What Is a Run?

The Basics

Runs are the foundation of Spell. Creating a run is how you execute your code on Spell's computing infrastructure.

The run command is intended to be simple. Any code, software, binaries, etc., that you can run locally on your computer can be run on Spell — you simply put spell run in front of the same commands you would use locally and the commands will run remotely on Spell.

Anatomy of a Run Command

The spell run command is used to create runs and is likely the command you'll use most while using Spell.


Run commands consist of two main parts: 1. Spell command which includes information such as the machine type you want to use, and files you want to mount, and 2. Your command.

One of the simplest commands you can run is spell run "echo hello world", which will print hello world to the screen. In this case, only spell run is related to the Spell command, while echo hello world is your regular command:

$ spell run "echo hello world"
✨ Casting spell #1…
✨ Stop viewing logs with ^C
✨ Run is running
hello world

A more complicated run example is the command to train a style transfer neural network. (You can find the full example at learn.spell.run/transferring_style.)

In this example, we've mounted a file using the spell --mount flag, specified that we want a K80 GPU with the --machine-type flag, and added both an apt and a pip dependency. These flags add the correct files and dependencies to your spell environment.

Then everything in the quotation marks is the regular command from the fast style transfer repository.

$ spell run --mount runs/1/data:datasets \
            --machine-type K80 \
            --apt ffmpeg \
            --pip moviepy \
  "python style.py \
            --checkpoint-dir ckpt \
            --style images/style/my-style-image.jpg \
            --style-weight 1.5e2 \
            --train-path datasets/train2014 \
            --vgg-path datasets/imagenet-vgg-verydeep-19.mat"

Customizing Your Run Environment

Many commands can be run in Spell's default environment. Spell's default environment has the Ubuntu 18.04 operating system, Python versions 2.7 and 3.6 installed, Pytorch, TensorFlow 1, Keras, Anaconda, XGBoost, and Scikit-learn. If a machine type is specified that has a GPU, then CUDA and cuDNN are also included.

However, if further customization is needed, Spell offers several options for customizing your run environment.

Adding Dependencies

Most commands will require you to add dependencies, such as pip and apt to your environment.
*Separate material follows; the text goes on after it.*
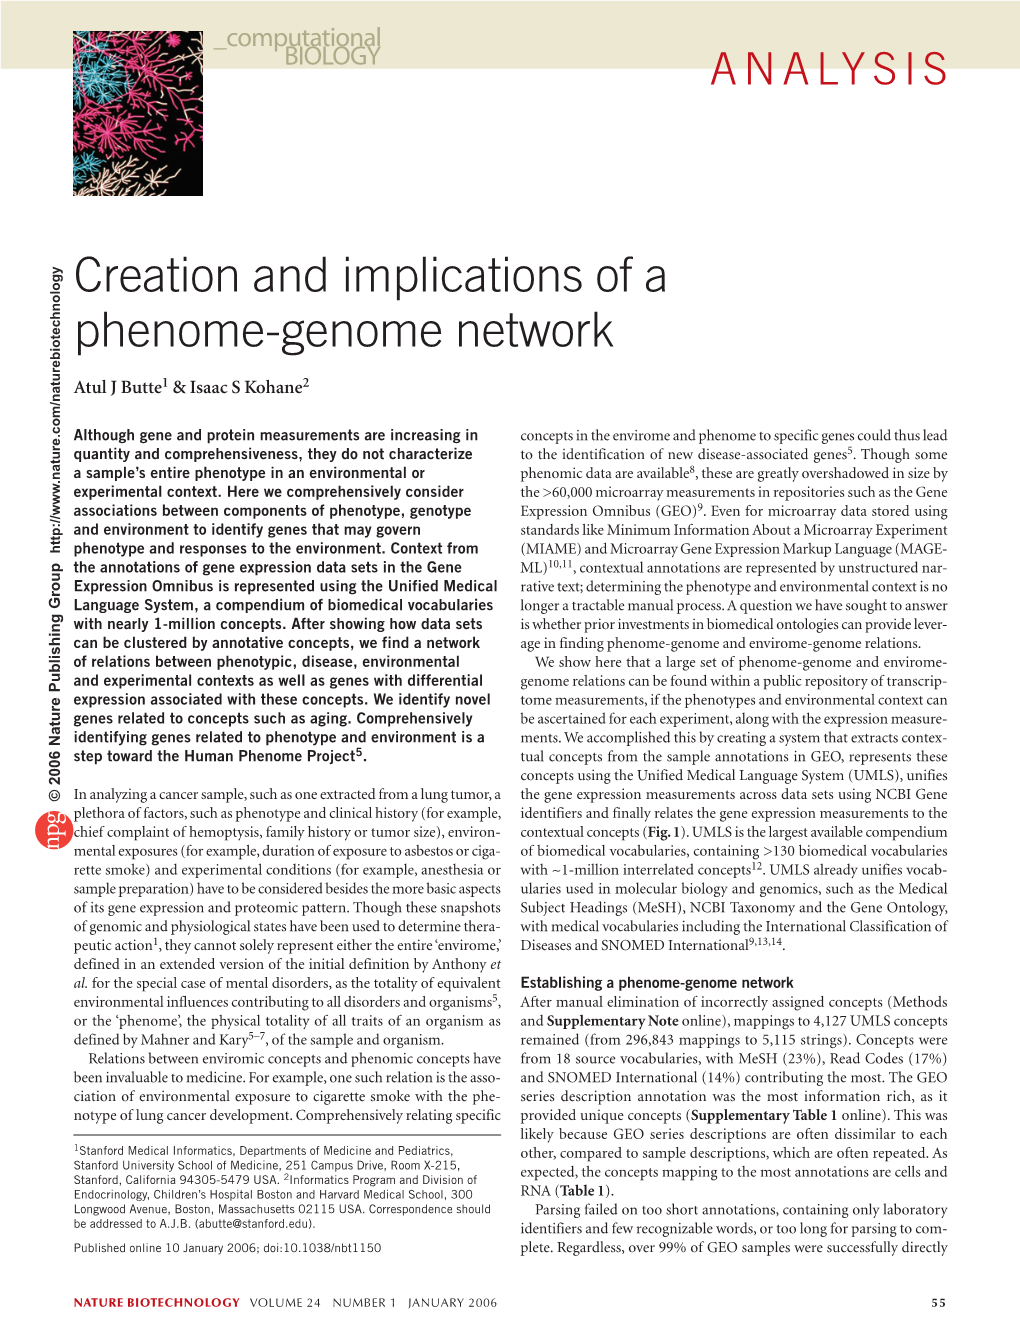 Creation and Implications of a Phenome-Genome Network

The run example in the Anatomy of a Run Command section uses both the apt and pip flags: --apt ffmpeg and --pip moviepy

For more examples of adding dependencies, including adding conda files and Docker Hub public images, go to the Dependencies section of our docs.

Early Stopping Conditions

Sometimes if a run doesn't meet a certain condition by a certain point you would rather stop the run automatically. For example, if a run doesn't reach a validation accuracy of 50 percent within 10 epochs, maybe it's not worth proceeding. Early stop conditions can be specified via the --stop-condition flag. For example, --stop-condition "keras/val_acc < 0.5 : 10". The value after the colon is the minimum index for which the condition is valid.

Run IDs

All runs get a unique run ID. The run ID can be found in the ✨ Casting spell #<ID>… message that appears after a run is created.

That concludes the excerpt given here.